When applying for a low doc loan, you'll typically need to choose between BAS statements or bank statements to verify income. Here's how to decide which option gives you the best outcome.

December 2024·5 min read·New Vision Financial Services
Factor
BAS Statements
Bank Statements
Documents needed
Last 4 BAS quarters
3–6 months statements
Income calculation
% of GST turnover (50–70%)
Average of deposits
Best for
High-turnover businesses
Consistent monthly income
GST registration required?
Yes
No
Lender availability
Very wide
Wide
Typical LVR
Up to 80%
Up to 80%

How BAS-based lending works

BAS (Business Activity Statement) lending uses your quarterly GST turnover as the basis for income assessment.

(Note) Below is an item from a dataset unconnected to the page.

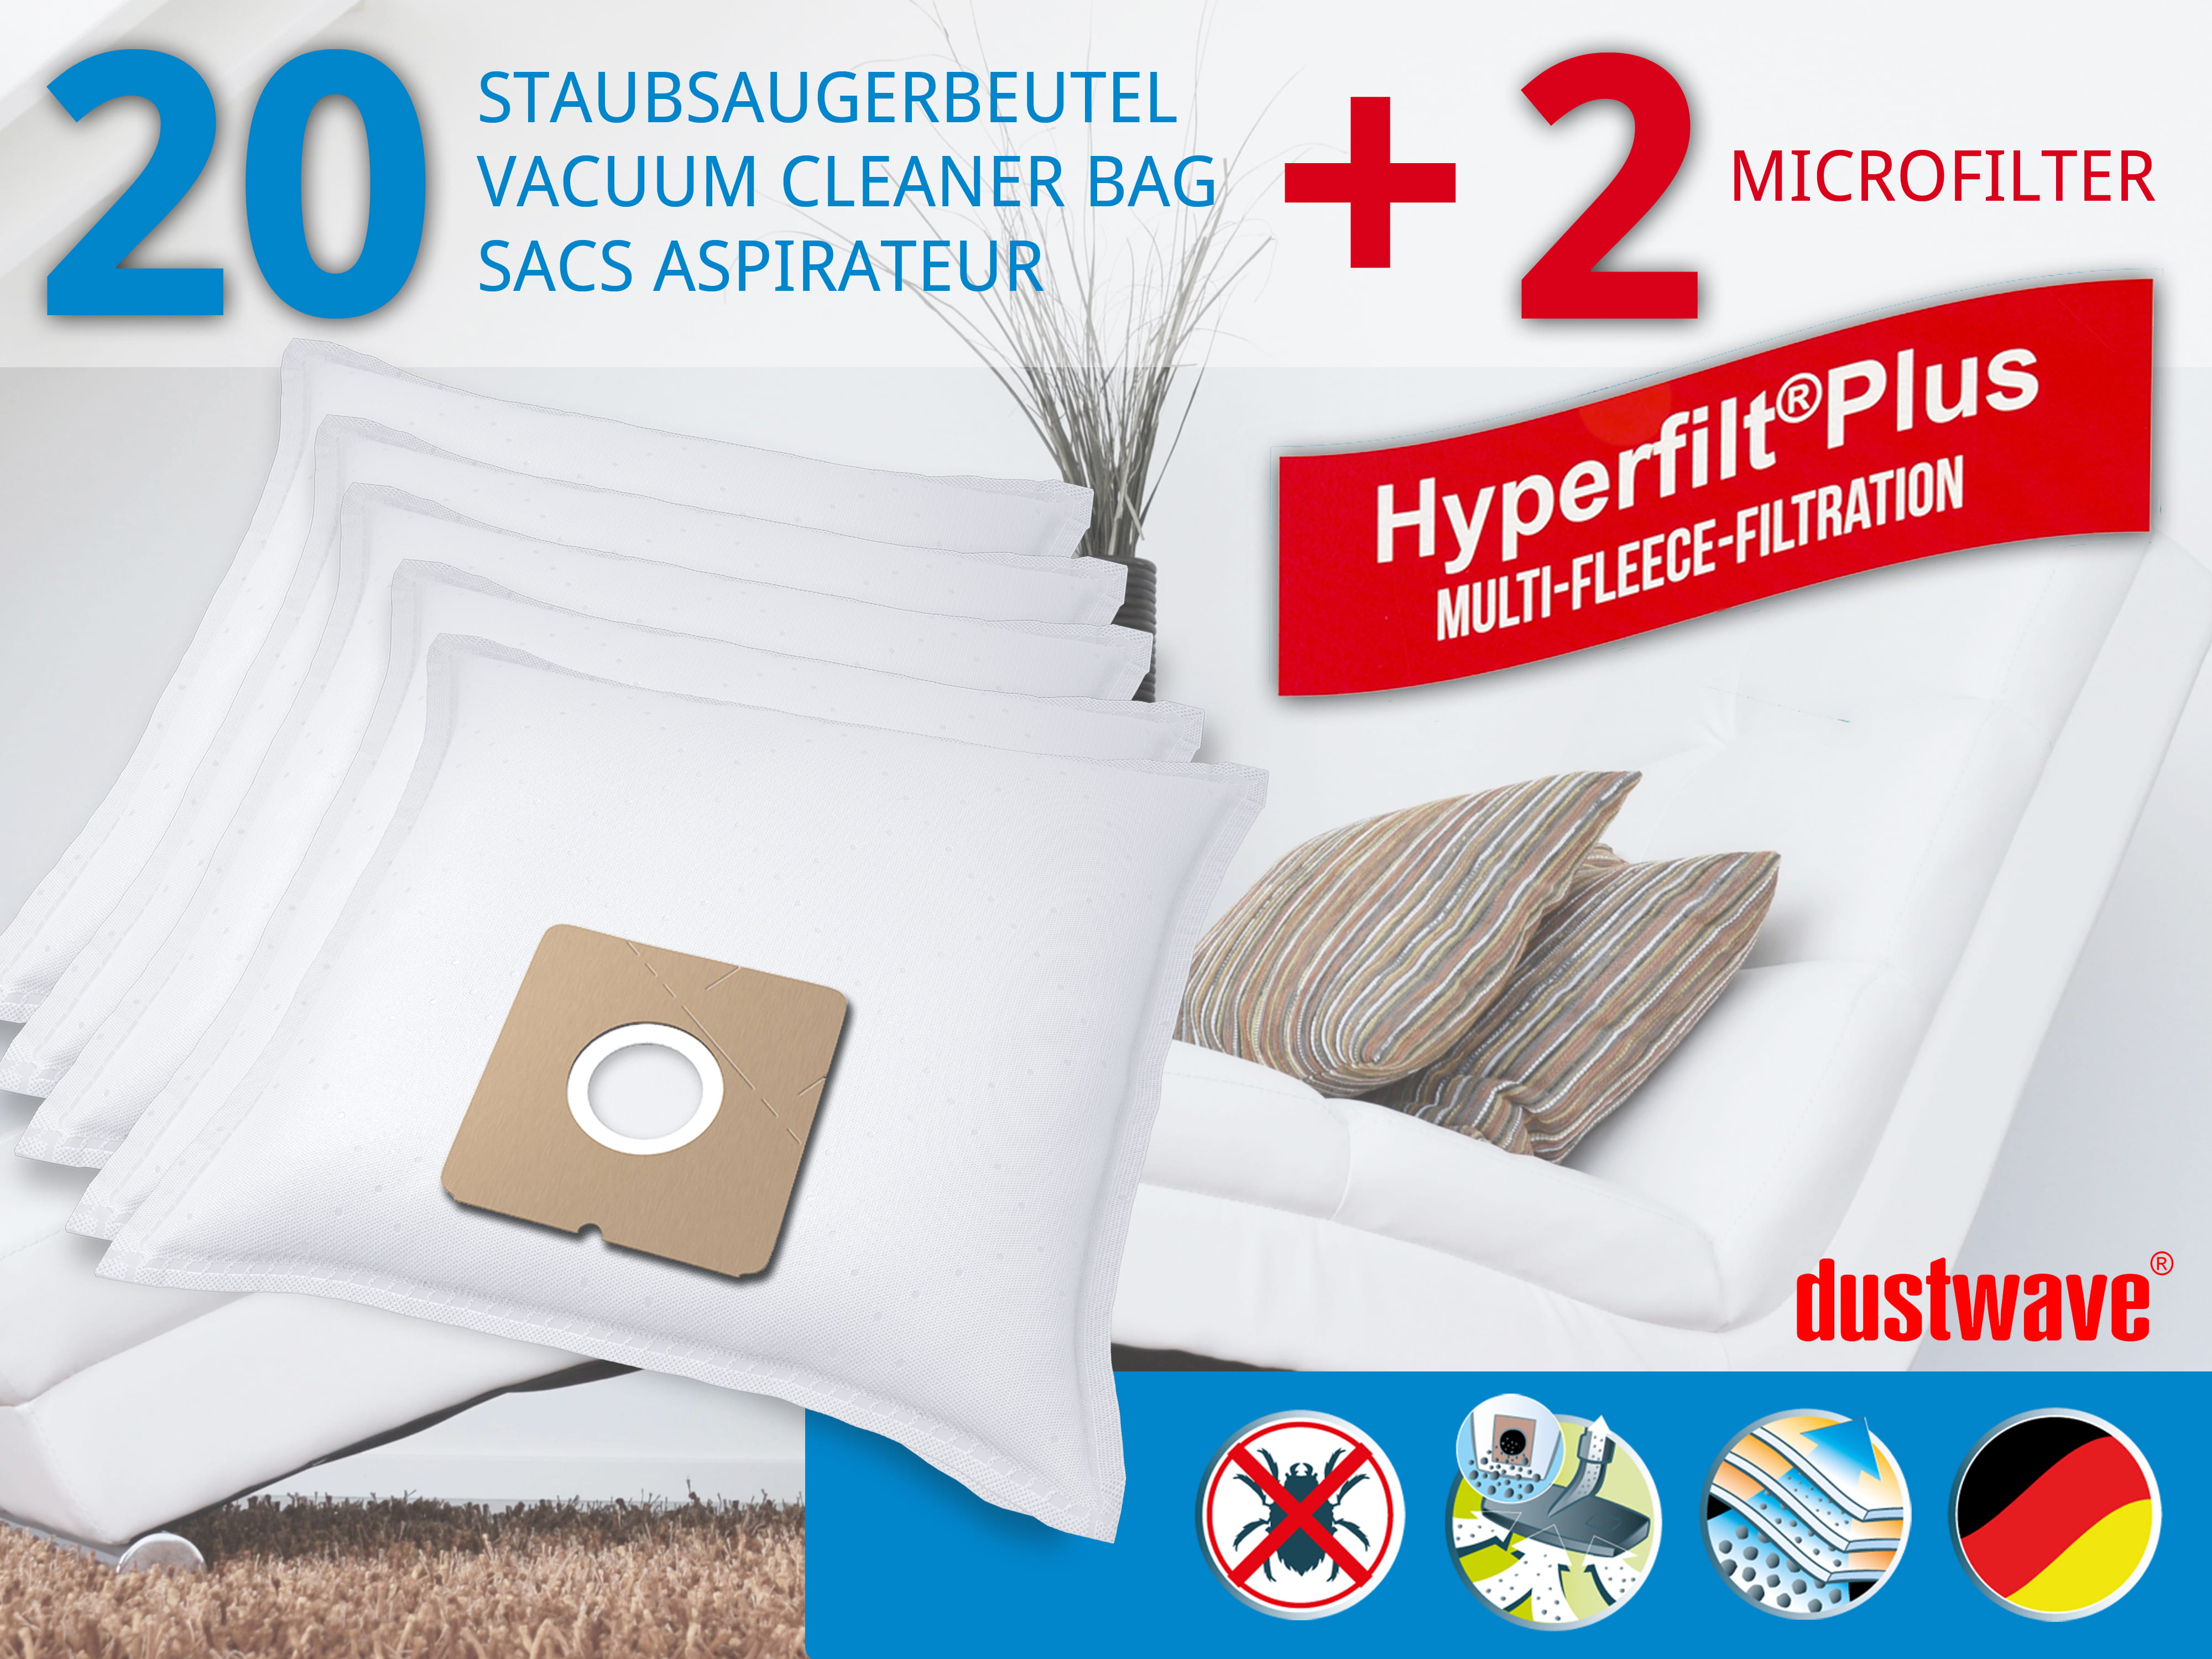 Dustwave® 20 Staubsaugerbeutel für Arc En Ciel - Boosty 1400 W - hocheffizient, mehrlagiges Mikrovlies mit Hygieneverschluss - Made in Germany

The lender takes your total GST-registered income over the past 4 quarters and applies a "net income ratio" — typically 50–70% — to arrive at an assessed annual income.

For example: if your BAS shows $200,000 in annual turnover and the lender uses a 60% ratio, your assessed income is $120,000.

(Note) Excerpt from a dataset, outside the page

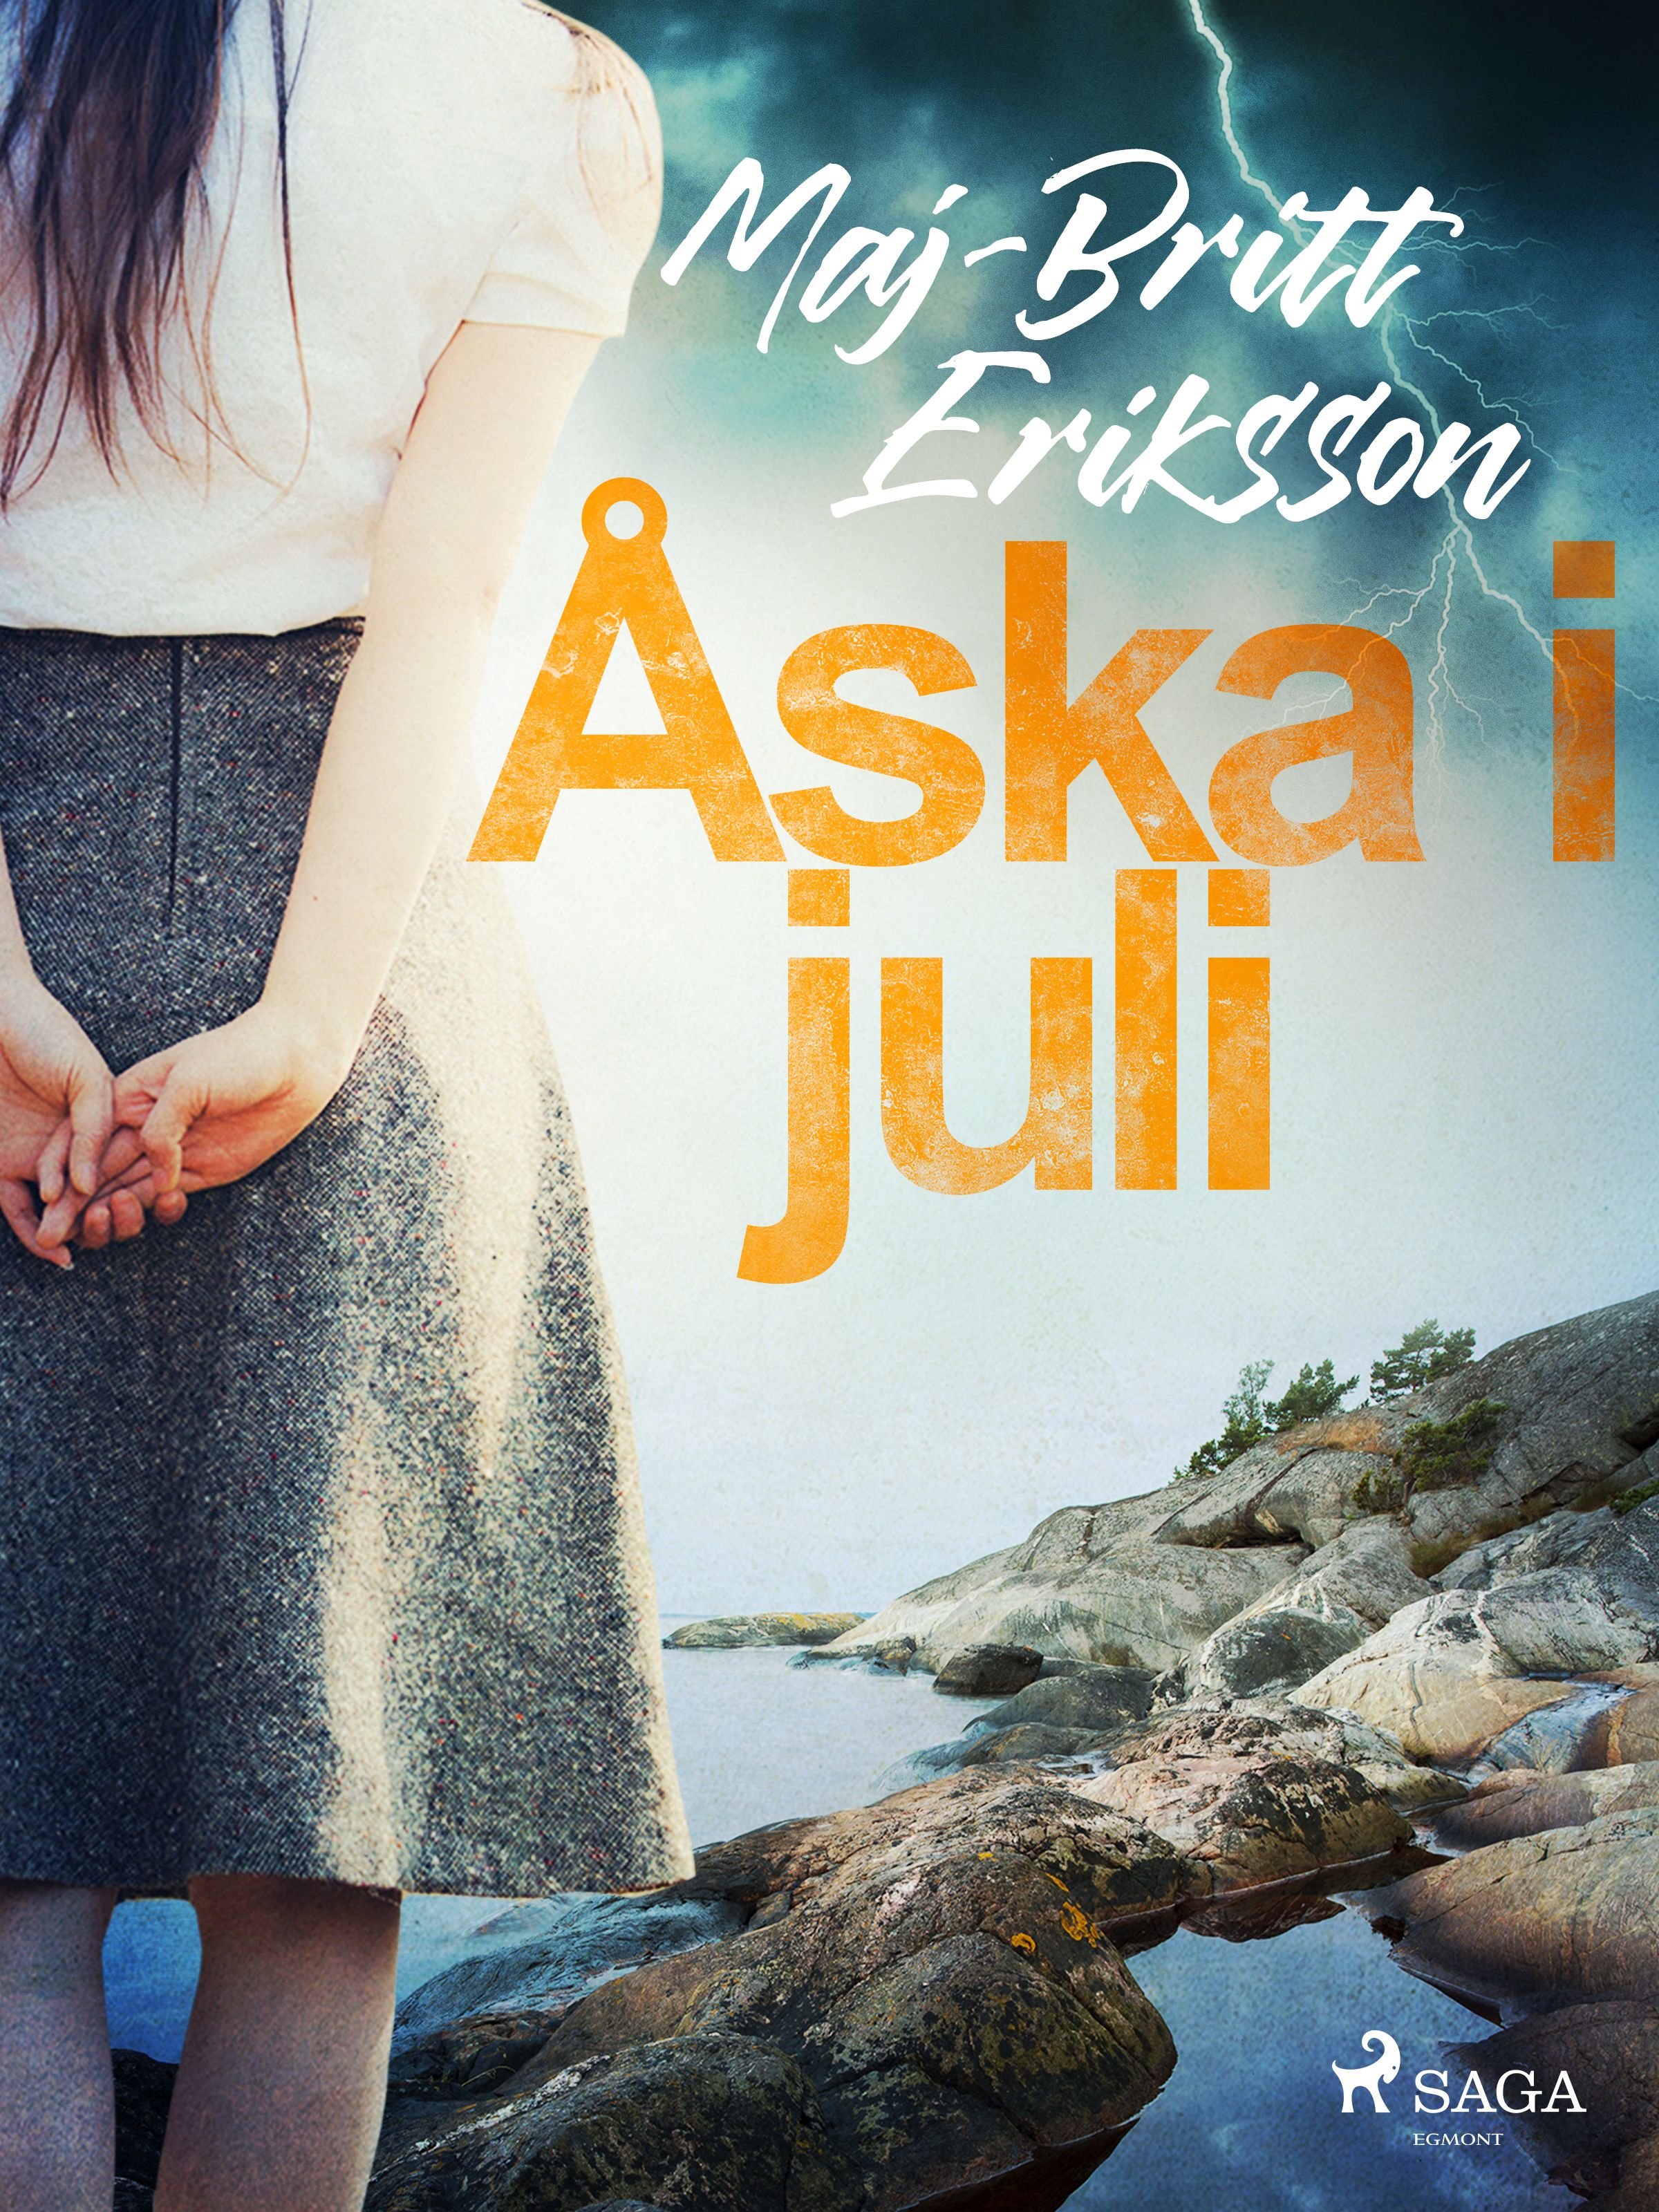 Åska i juli, e-bog af Maj-Britt Eriksson

BAS lending works best when:

  • Your business has high turnover relative to your taxable income
  • You're registered for GST
  • Your BAS statements are lodged on time and consistently
  • Your turnover is relatively stable across quarters

How bank statement lending works

Bank statement lending assesses income based on actual deposits into your business account over a 3–6 month period. The lender averages your monthly deposits and annualises the result.

For example: if your business account shows average monthly deposits of $12,000 over 6 months, your assessed annual income is approximately $144,000.

Bank statement lending works best when:

  • You have consistent, regular income deposits
  • You're not registered for GST (e.g., turnover under $75,000)
  • Your BAS statements show lower turnover than your actual bank deposits
  • You have a clean, well-organised business bank account

Which gives you a higher assessed income?

This depends entirely on your specific numbers. In general:

  • If your business has high turnover but many cash expenses, BAS-based lending often gives a higher assessed income
  • If your business has lower turnover but strong net cash flow (e.g., service businesses with low overheads), bank statements may give a better result

A good broker will run the numbers both ways and recommend the approach that maximises your borrowing capacity.

Can you use both?

Some lenders allow you to use both BAS statements and bank statements together — using whichever produces the higher income figure. This is less common but worth asking about.

The bottom line

There's no universal answer to "BAS or bank statements?" — the right choice depends on your specific income structure and which lender you're applying to. This is exactly why working with a specialist broker matters: we know which lenders use which methods and how to present your application for the best possible outcome.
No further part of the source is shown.